--- START ---

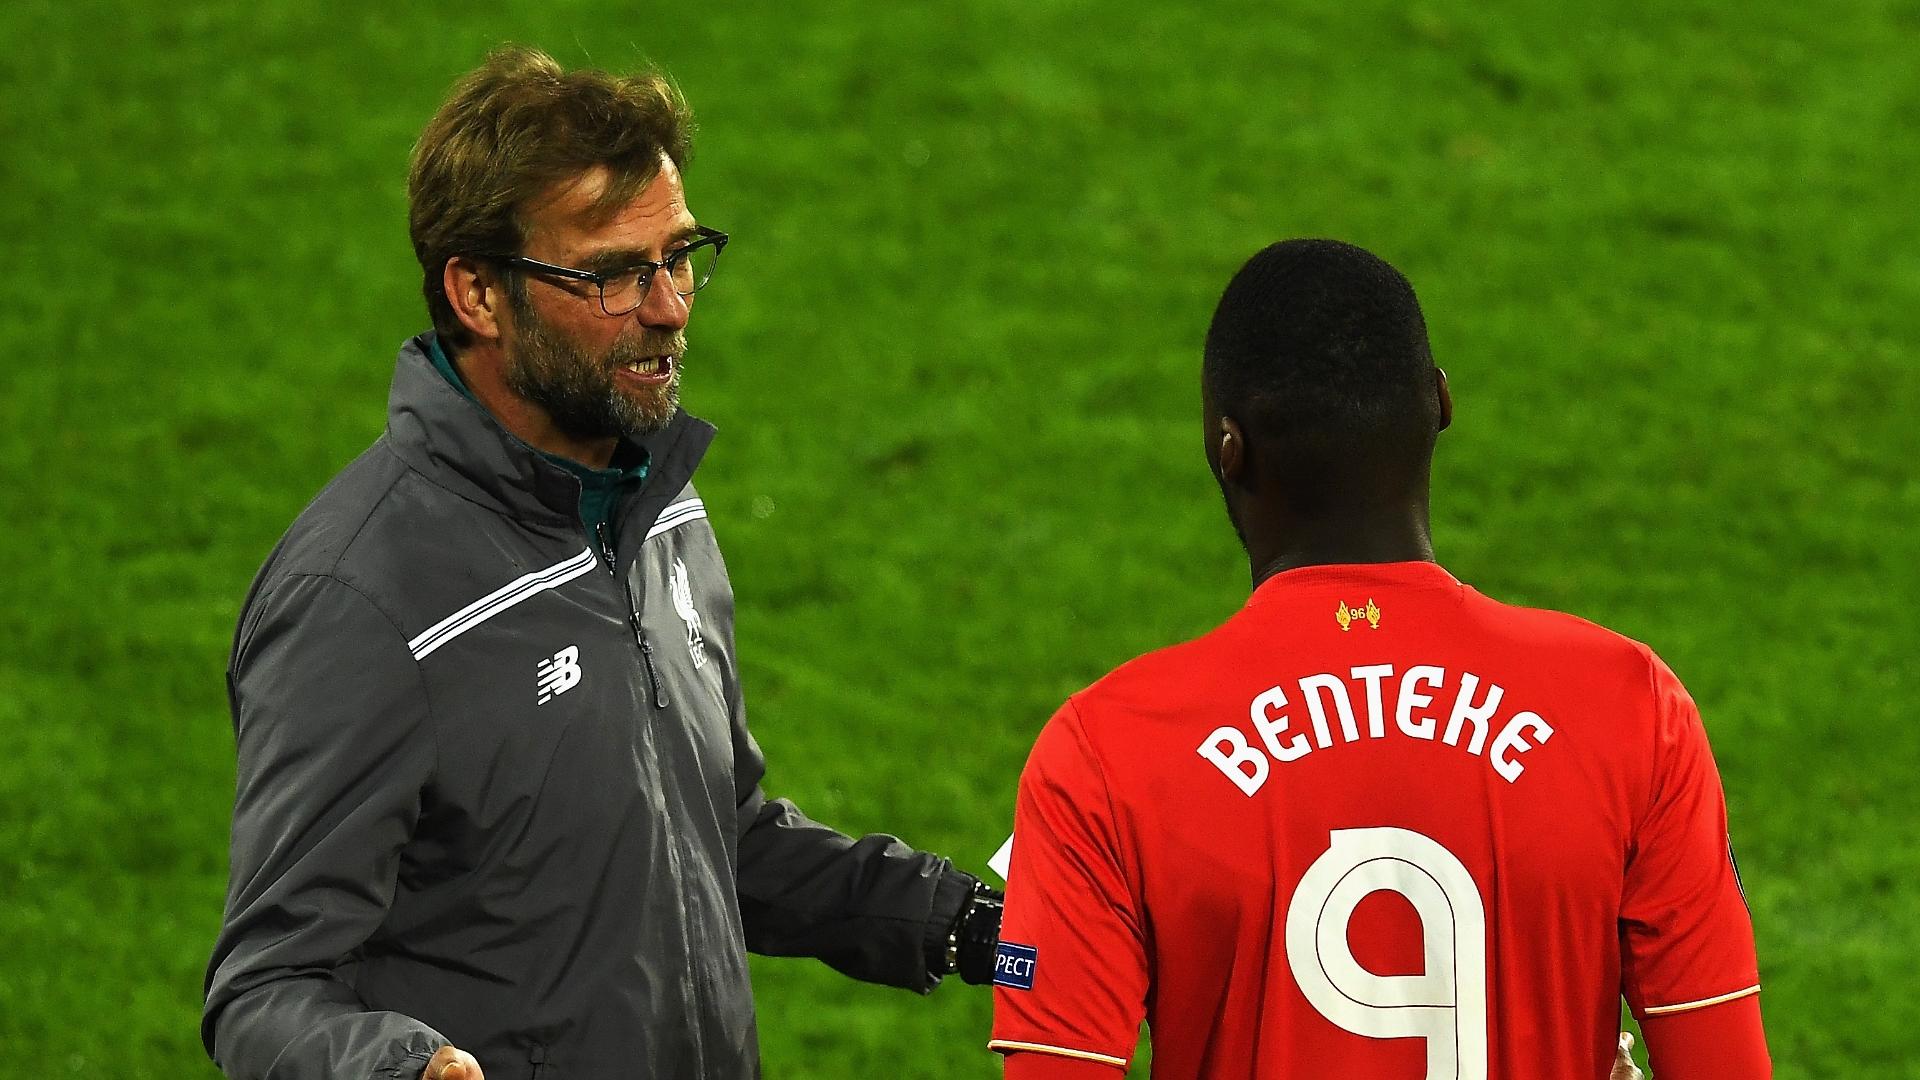 Liverpool Benteke sold for breaking Klopp s glasses
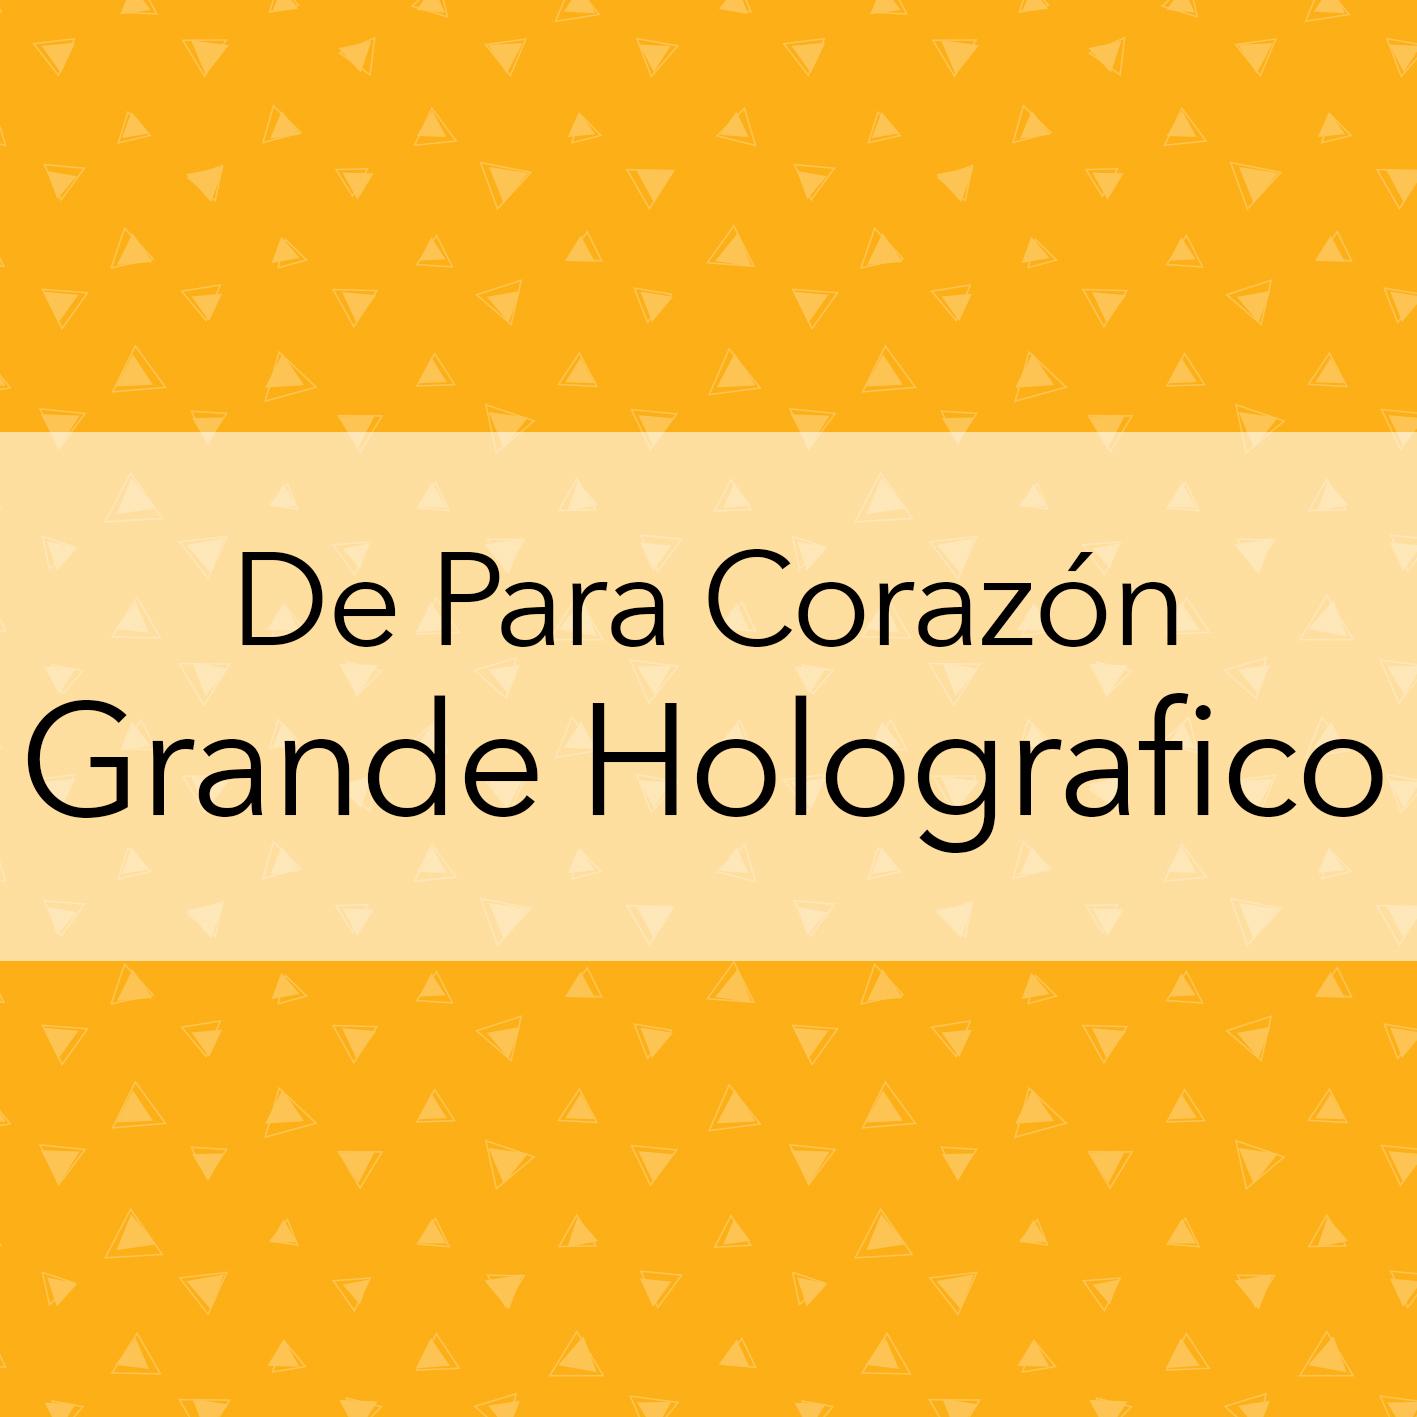 DE PARA CORAZÓN GRANDE HOLOGRAFICO
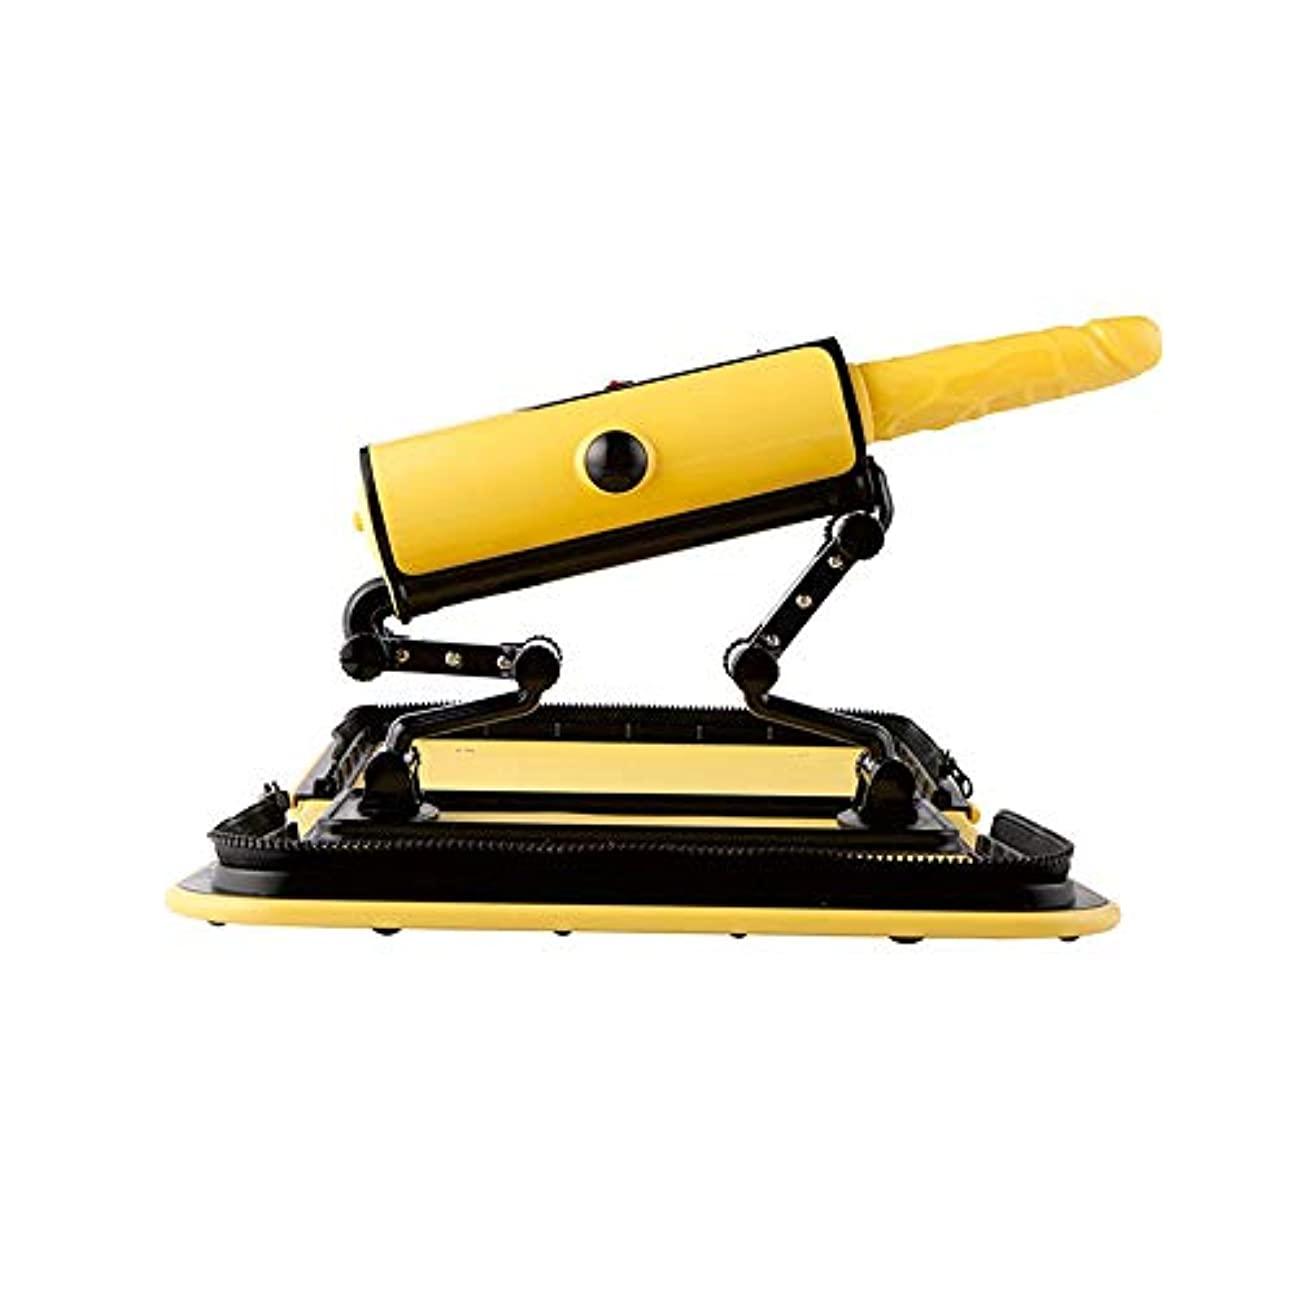 メドレー学習キュービックKGJJHYBGTOY 完璧なハーネスビジナルカップラブマシン玩具での自動機オナニー RELAX MASSAGE BODY
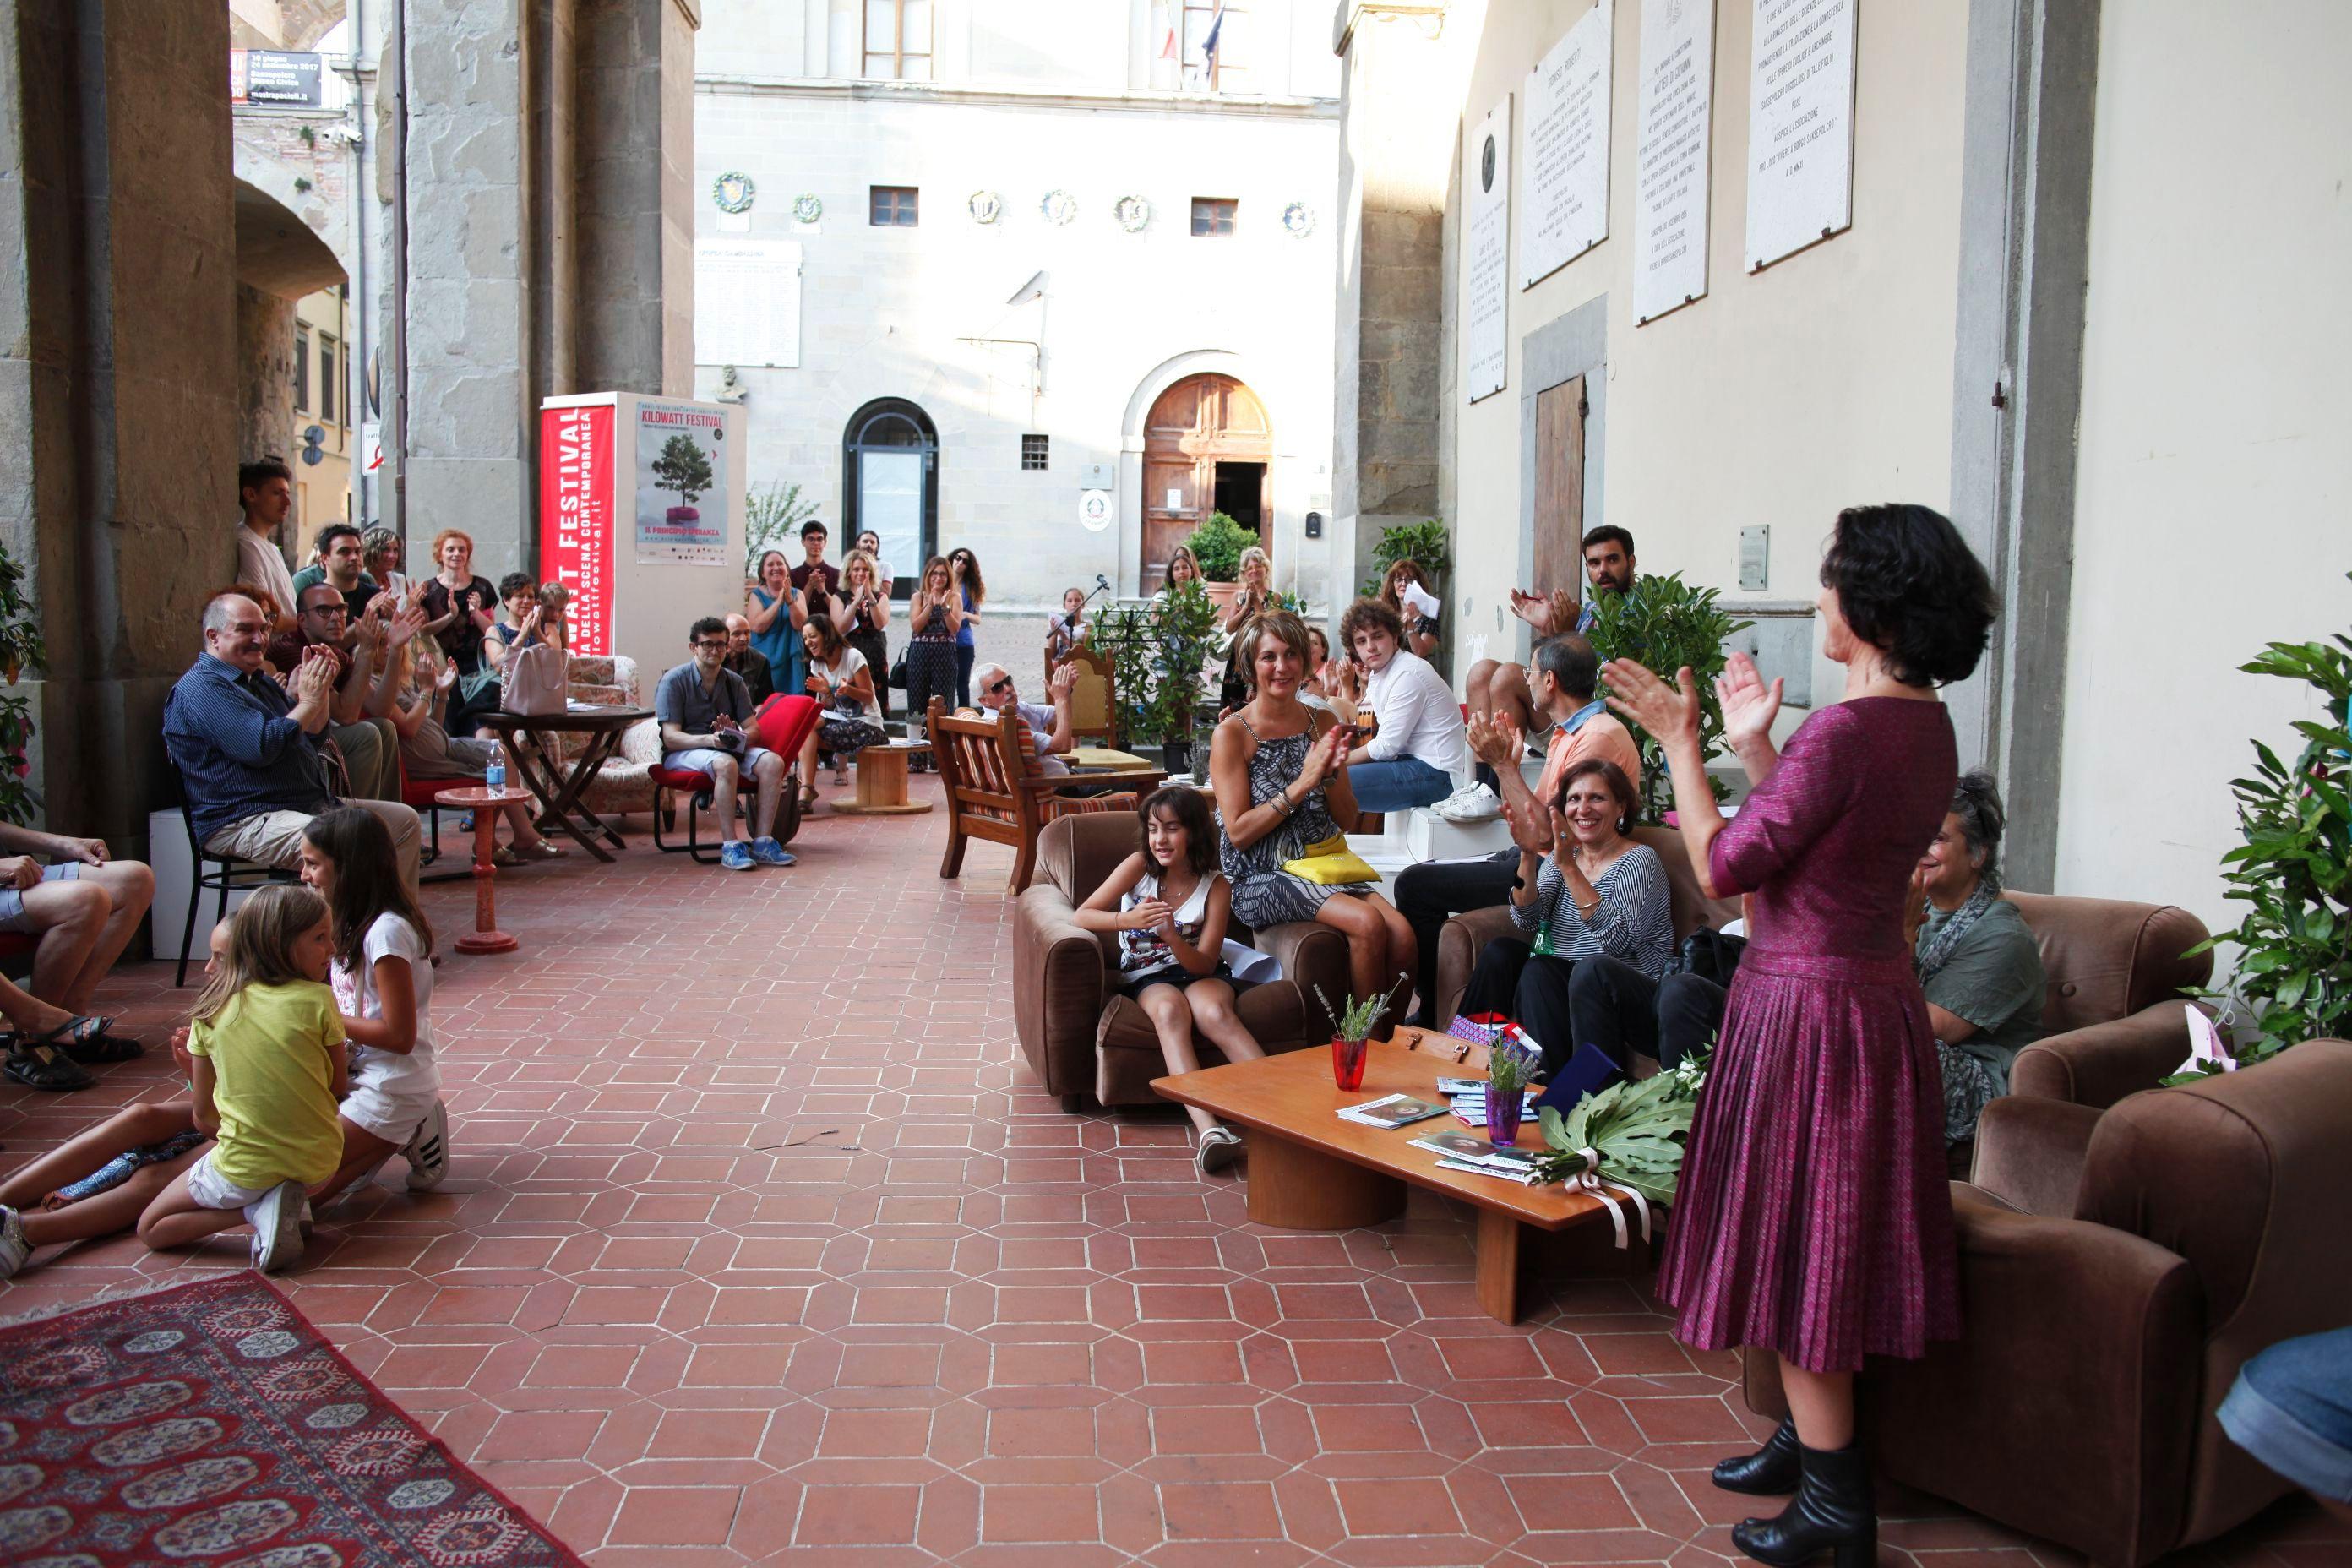 Lettura pubblica Miniature Campianesi: i cittadini di Sanspolcro per Ermanna Montanari. Foto ©Luca Del Pia

--- END ---

**EXERCISE**
Everything in the listing above is to be given again exactly, apart from the pictures.

**FINISHED EXERCISE**
 Liverpool Benteke sold for breaking Klopp s glasses
 DE PARA CORAZÓN GRANDE HOLOGRAFICO
 メドレー学習キュービックKGJJHYBGTOY 完璧なハーネスビジナルカップラブマシン玩具での自動機オナニー RELAX MASSAGE BODY
 Lettura pubblica Miniature Campianesi: i cittadini di Sanspolcro per Ermanna Montanari. Foto ©Luca Del Pia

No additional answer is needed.